In the CB and emphysema phenotype subgroups, similar to the results of the overall population, the time to first exacerbation was longer in the prompt therapy group than in the delayed therapy group (unadjusted HRs for CB and emphysema 0.72 [95% CI 0.56, 0.92] and 0.81 [95% CI 0.69, 0.96], respectively; Table 2). The adjusted HRs for the CB and emphysema phenotypes were consistent with the unadjusted HRs. Unadjusted and adjusted HRs for the prompt therapy group in the unclassified subgroup were 0.91 (95% CI [0.76, 1.09]) and 0.82 (95% CI [0.68, 0.99]), respectively (Table 2).

Unadjusted RRs for the annual estimated rates of moderate or severe exacerbations for CB, emphysema, and unclassified were 0.78 (95% CI [0.60, 1.02]), 0.69 (95% CI [0.57, 0.84]), and 0.92 (95% CI [0.73, 1.15]), respectively (Table 3). The annual rates of moderate or severe exacerbation were higher in the CB group than in the overall population (prompt 0.26; delayed 0.33).

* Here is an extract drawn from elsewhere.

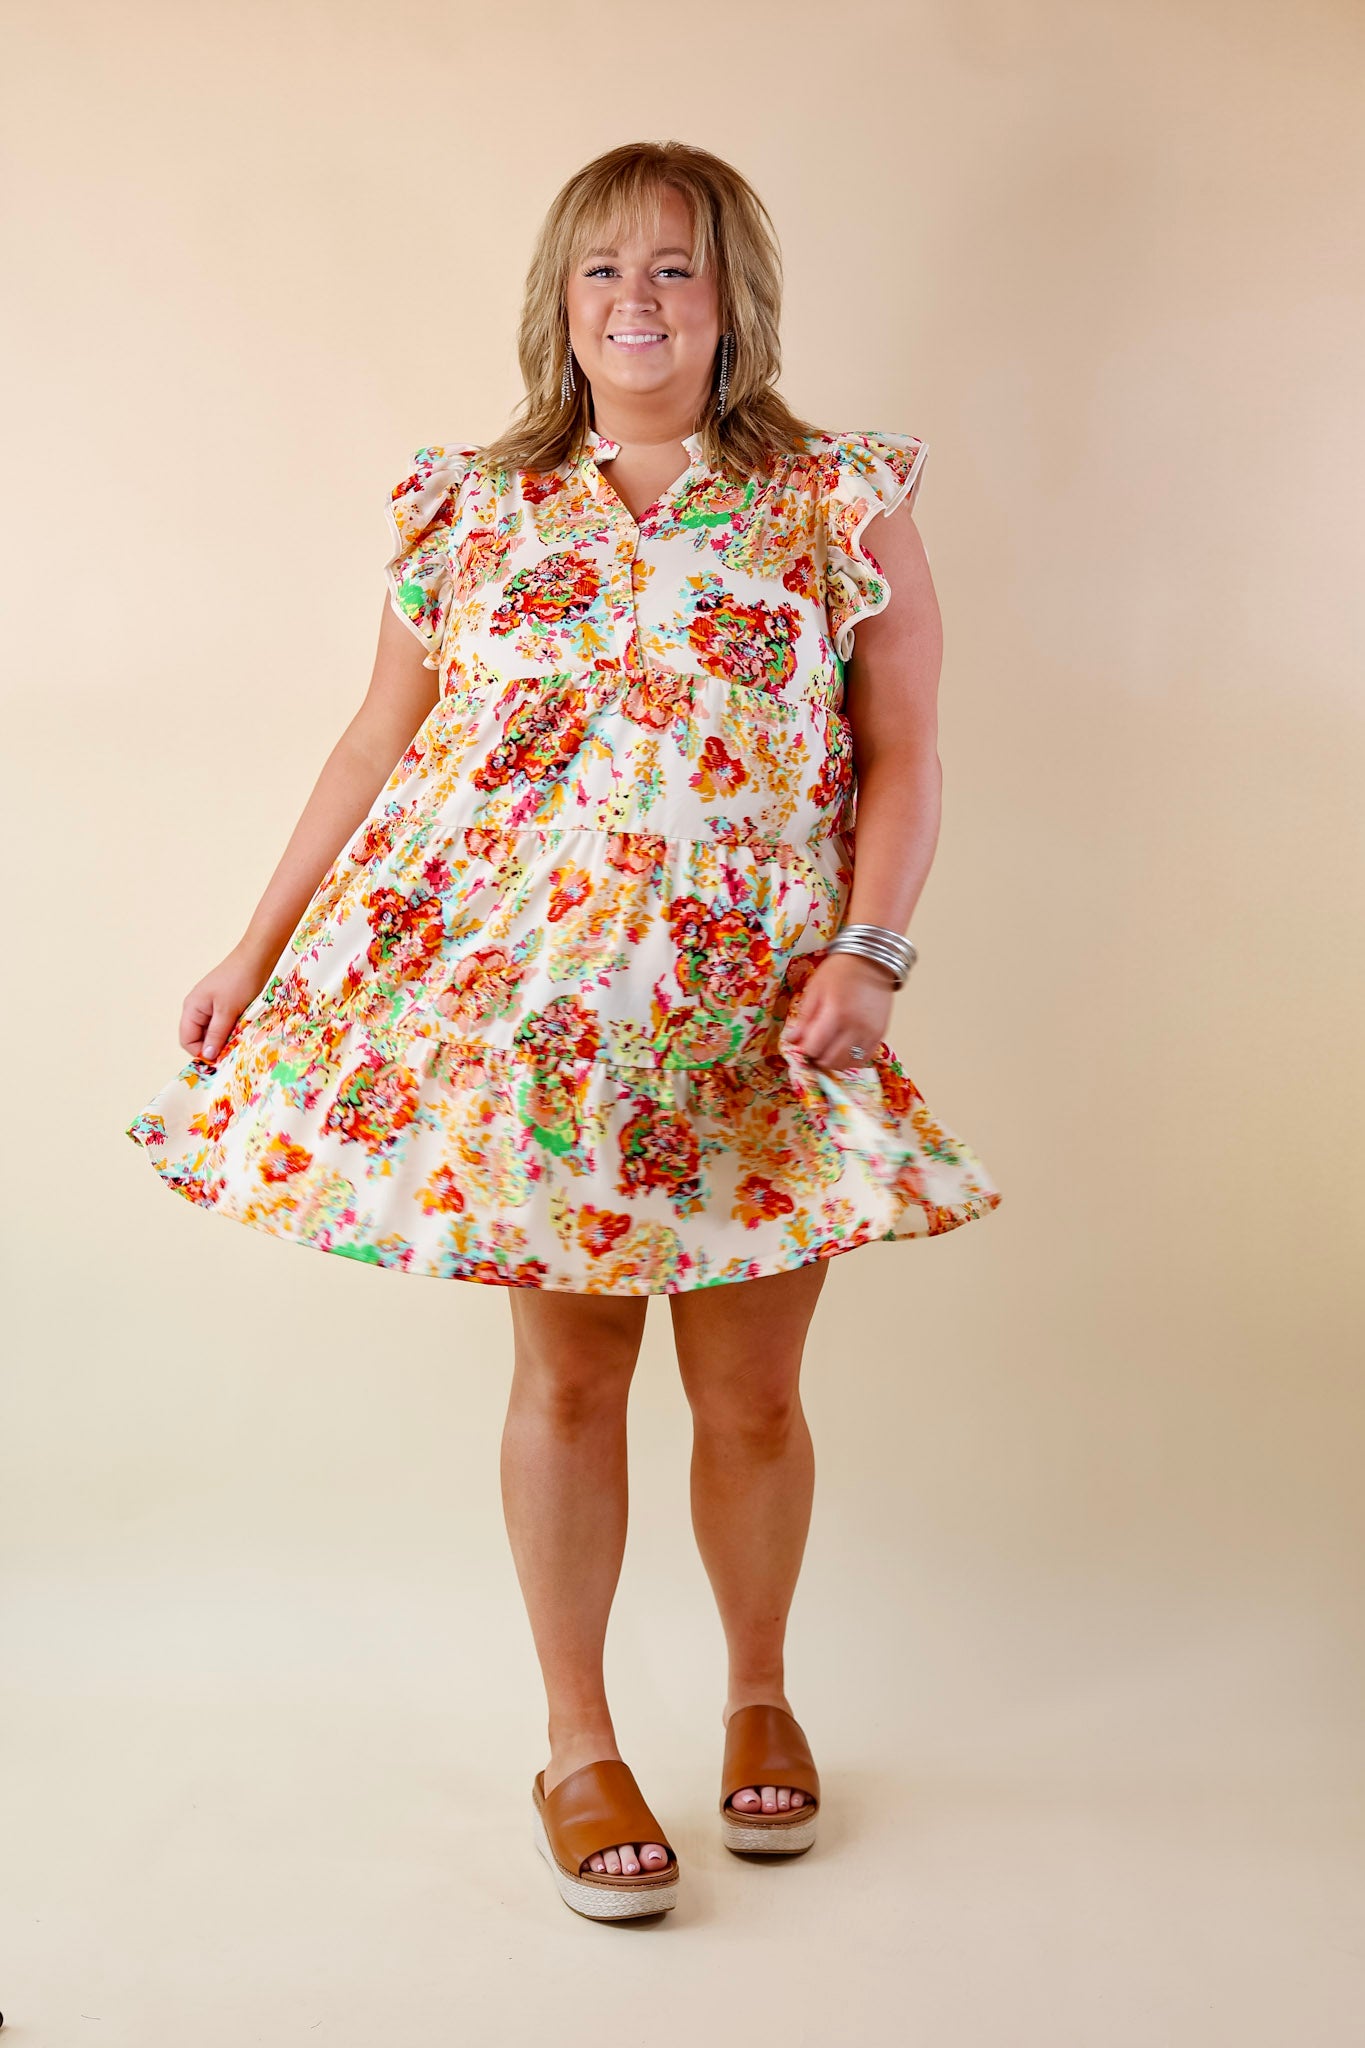 Best Route Floral Ruffle Cap Sleeve Dress in Cream - Giddy Up Glamour Boutique

Time to first exacerbation by time periods

Time to first exacerbation in patients with an index date after the launch of LAMA + LABA in Japan (after November 1, 2013) was increased in the prompt therapy group, with an unadjusted HR of 0.65 (95% CI [0.53, 0.80]) (Fig. 4). Moreover, in the subgroup with an index date after LAMA + LABA recommendation according to COPD guidelines in Japan, the unadjusted HR for the prompt therapy group compared with the delayed therapy group was 0.56 (95% CI [0.23, 1.39]) (Additional file 5: Fig. S4 and Table 4). Among patients with an index date after the launch of LAMA + LABA, the proportion of patients who initiated LAMA monotherapy (38.4%) and LAMA + LABA (34.3%) was similar in the prompt therapy group. In the delayed therapy group also, the proportion was similar between LAMA monotherapy (24.9%) and LAMA + LABA (27.5%), while the proportion of patients receiving no treatment was 30.1% (Additional file 6: Fig. S5).

Fig. 4
figure 4

Moderate or severe exacerbation in the prompt and delayed therapy populations with index date after November 1, 2013 (LAMA + LABA product launch). CI confidence interval, LABA long-acting β2-agonist, LAMA long-acting muscarinic antagonist

Table 4 Hazard ratios for exacerbations in subgroups stratified by the index date

Time to first exacerbation by grouping periods

As patients who initiated inhaled therapy within 30 days of diagnosis had a prolonged time to first exacerbation, we evaluated whether these results may have been driven by the selected time periods. Therefore, we expanded our analysis to include longer time windows. The results of the analysis with different grouping periods were similar to those seen with the 30-day grouping period. The time to first exacerbation was longer in the prompt therapy group than in the delayed therapy group (HR 0.79 [95% CI 0.71, 0.88] for the grouping period of 0 days, 0.77 [95% CI 0.69, 0.86] for the grouping period of 60 days, and 0.75 [95% CI 0.67, 0.84] for the grouping period of 90 days) (Additional file 1: Table S4).

Discussion

We assessed real-world evidence to elucidate the benefit of early initiation of inhaled long-acting bronchodilators. Patients with COPD who initiated long-acting bronchodilators within 30 days of diagnosis had a prolonged time to first exacerbation and decreased AER compared with those with delayed initiation of therapy. Prompt therapy similarly prolonged the time to first exacerbation in patients with CB and emphysema. Among patients stratified by the index date following the launch of LAMA + LABA therapy in Japan, the time to first exacerbation was prolonged in the prompt therapy group after diagnosis. Our findings indicate a beneficial effect of prompt therapy, and thus lend credence to the recommendation that patients initiate timely inhaled long-acting bronchodilator treatment upon COPD diagnosis.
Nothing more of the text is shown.